I am developing a hierarchical non-linear regression to fit data on rates of photosynthesis. The hierarchical part is that I have data to estimate the relationship between incident light and photosynthetic rate from several different individuals and multiple species. My intention is to estimate the parameters (either 3 or 4, see below) at the individual level.
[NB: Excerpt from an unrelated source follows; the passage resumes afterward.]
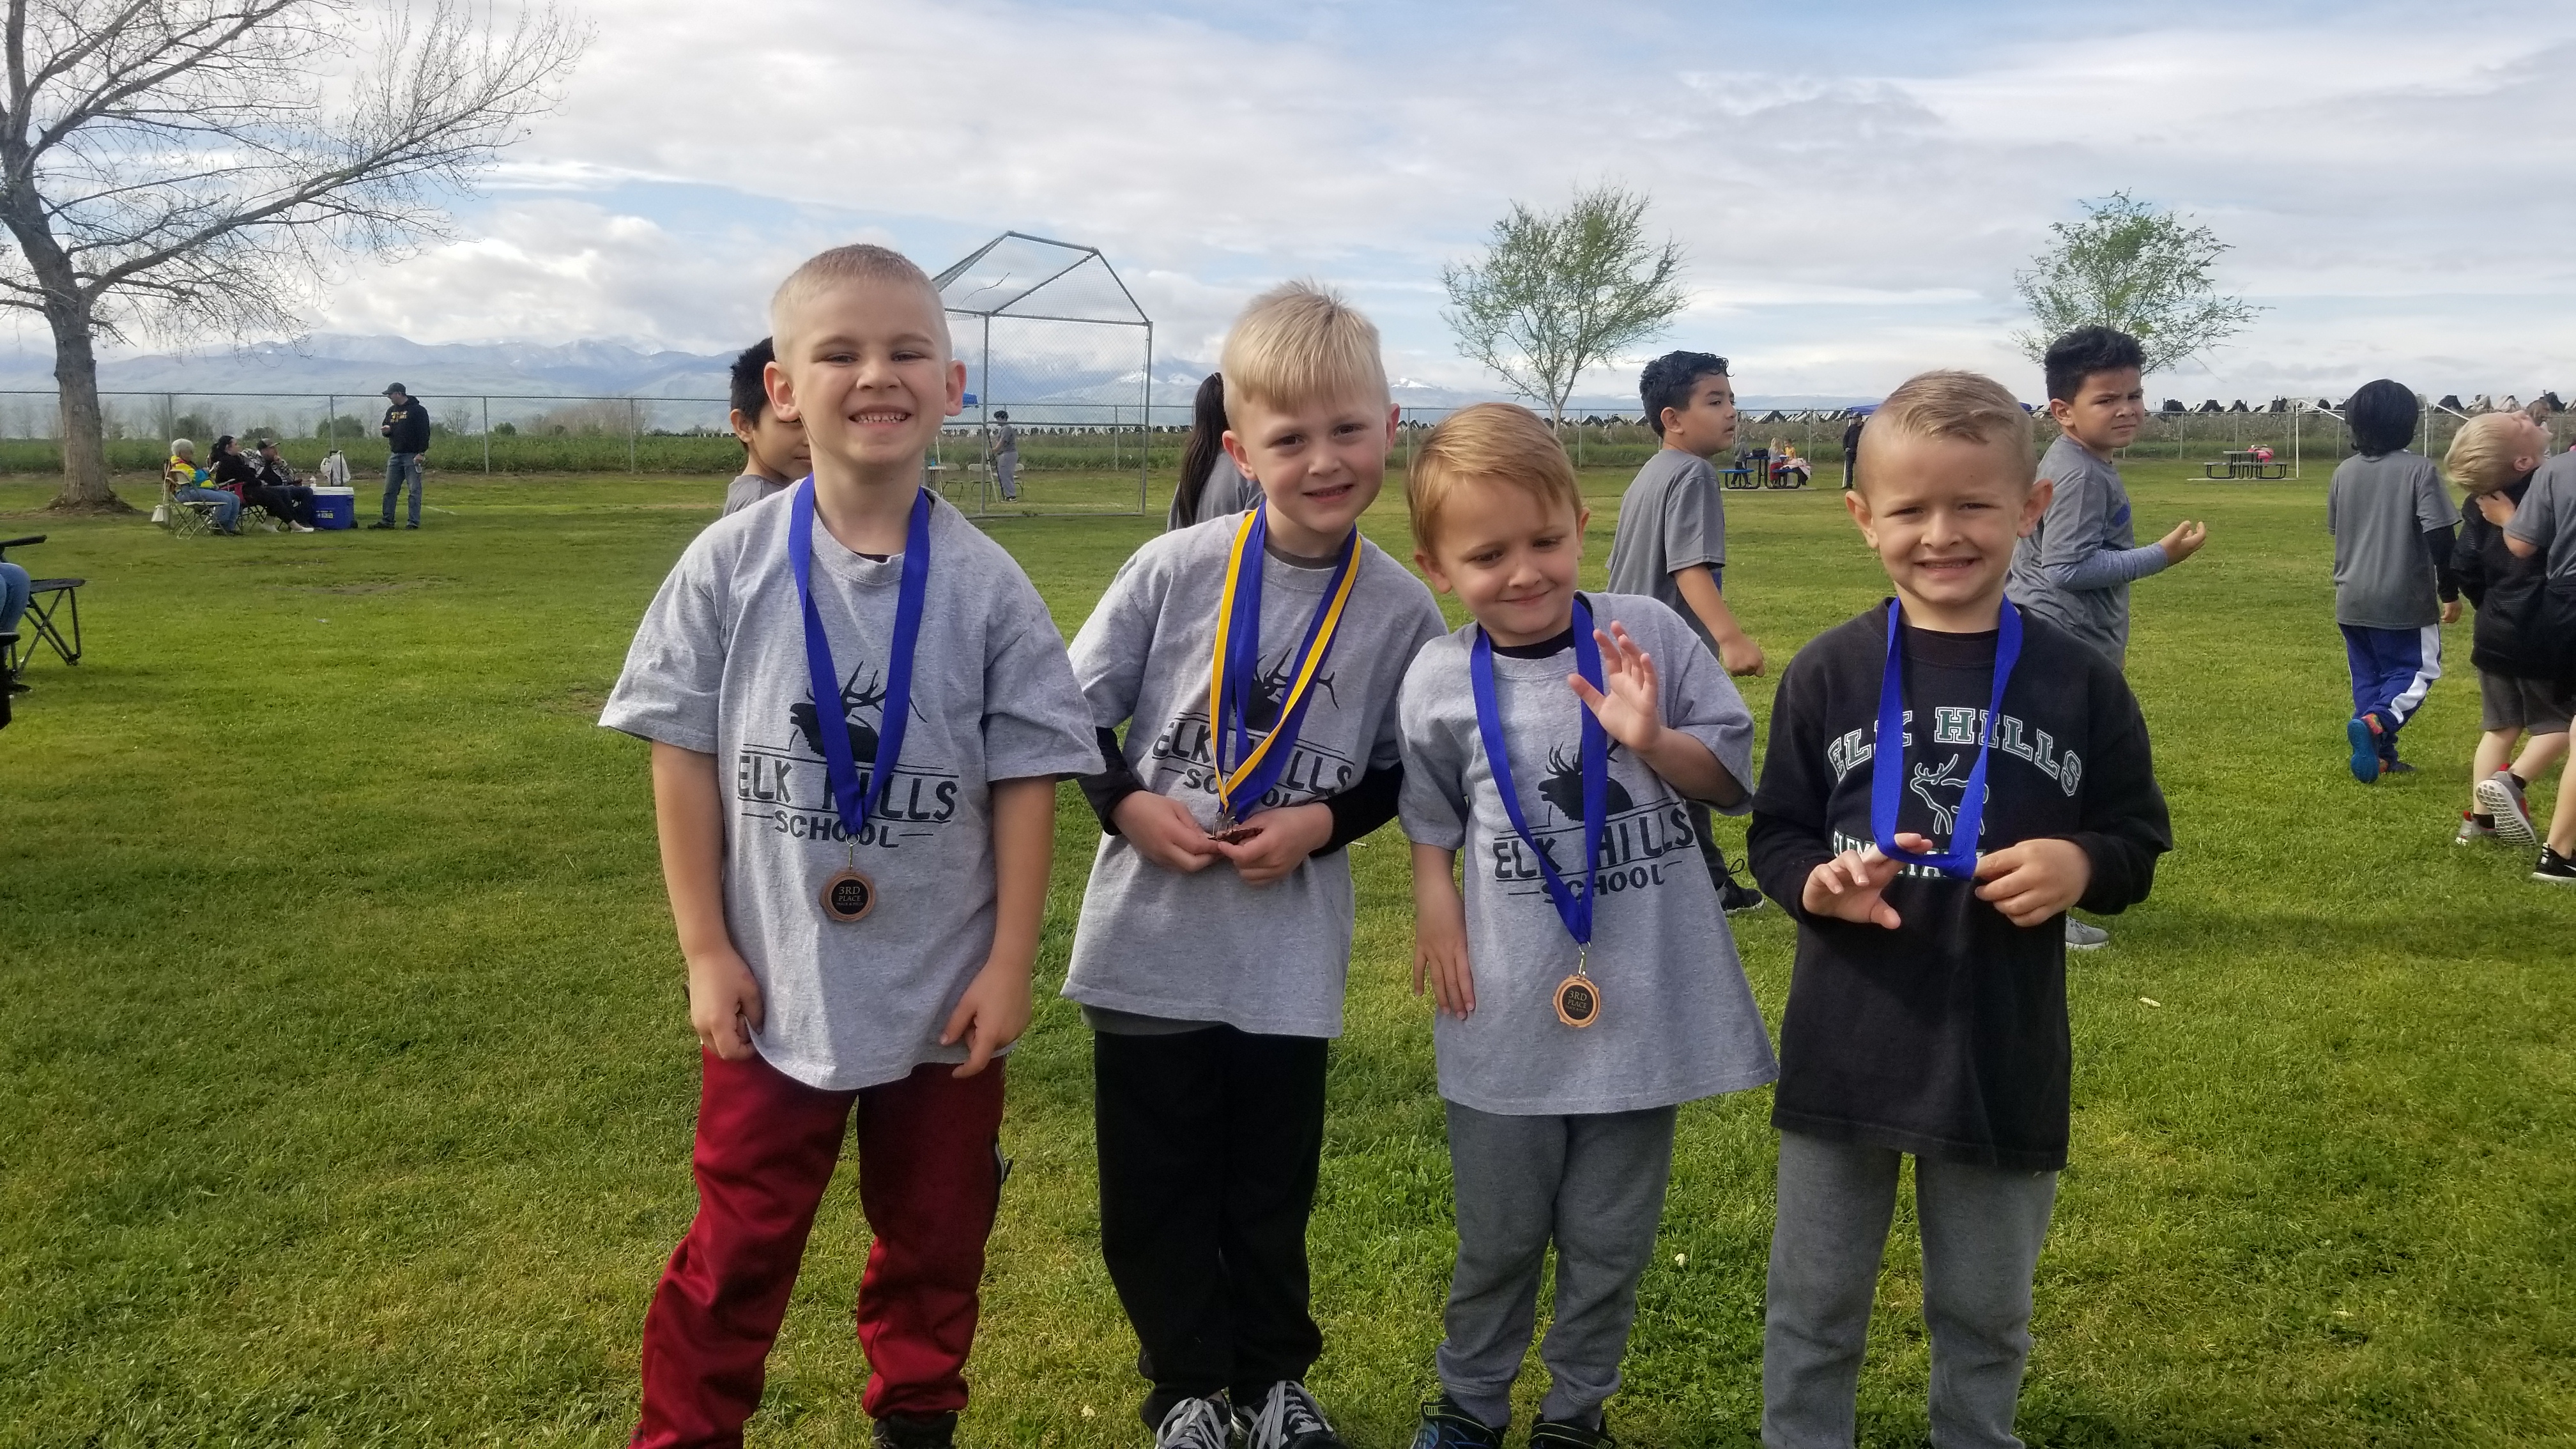 Kinder boys show off medals

All of the parameters will have the same hierarchical structure, but first I have to get the basic non-linear regression working, and that’s where I need some advice.

The most widely used approach for fitting light curves uses a 4-parameter rectangular hyperbola implemented in this model:

```
data {
int<lower=0> n_obs;
vector[n_obs] A;
vector[n_obs] Q;
real scale_A_sat;
real scale_Phi_A;
real scale_R_d;
real scale_Theta;
real scale_sigma;
}
parameters {
real<lower=0> A_sat;
real<lower=0> Phi_A;
real<lower=0> R_d;
real<lower=0> Theta;
real<lower=0> sigma;
}
transformed parameters {
real LCP;
vector[n_obs] mu_A;
for (i in 1:n_obs) {
mu_A[i] = (Phi_A*Q[i] + A_sat -
sqrt((Phi_A*Q[i] + A_sat)^2 - 4*Theta*Phi_A*Q[i]*A_sat)) /
(2*Theta) - R_d;
}
LCP = R_d*(R_d*Theta - A_sat)/(Phi_A*(R_d - A_sat));
}
model {
// likelihood
//
A ~ normal(mu_A, sigma);
// priors
A_sat ~ normal(0.0, scale_A_sat);
Phi_A ~ normal(0.0, scale_Phi_A);
R_d ~ normal(0.0, scale_R_d);
Theta ~ normal(0.0, scale_Theta);
sigma ~ normal(0.0, scale_sigma);
}
generated quantities {
vector[n_obs] A_rep;
for (i in 1:n_obs) {
A_rep[i] = normal_rng(mu_A[i], sigma);
}
}
```

An alternative that doesn’t seem to be as widely used is a 3-parameter function reflecting Michaelis-Menten enzyme kinetics:

```
data {
int<lower=0> n_obs;
vector[n_obs] A;
vector[n_obs] Q;
real scale_A_sat;
real scale_Phi_A;
real scale_R_d;
real scale_sigma;
}
parameters {
real<lower=0> A_sat;
real<lower=0> Phi_A;
real<lower=0> R_d;
real<lower=0> sigma;
}
transformed parameters {
real LCP;
vector[n_obs] mu_A;
for (i in 1:n_obs) {
mu_A[i] = (Phi_A*Q[i]*A_sat)/(Phi_A*Q[i] + A_sat) - R_d;
}
}
model {
// likelihood
//
A ~ normal(mu_A, sigma);
// priors
A_sat ~ normal(0.0, scale_A_sat);
Phi_A ~ normal(0.0, scale_Phi_A);
R_d ~ normal(0.0, scale_R_d);
sigma ~ normal(0.0, scale_sigma);
}
generated quantities {
vector[n_obs] A_rep;
for (i in 1:n_obs) {
A_rep[i] = normal_rng(mu_A[i], sigma);
}
}
```

I’ve fit both models to the data I have, and they give very similar estimates of the 3 parameters they have in common. Unfortunately for me, the more widely used 4-parameter version of the model produces a small number of divergences (8-12 from 4 chains after 1250 iterations to warm up and 1250 to sample). The max_treedepth is set to 20, and the highest observed is 14-15. adapt_delta is set to 0.99. The divergences are not concentrated spread across the sample space in every diagnostic plot I examined through shinystan().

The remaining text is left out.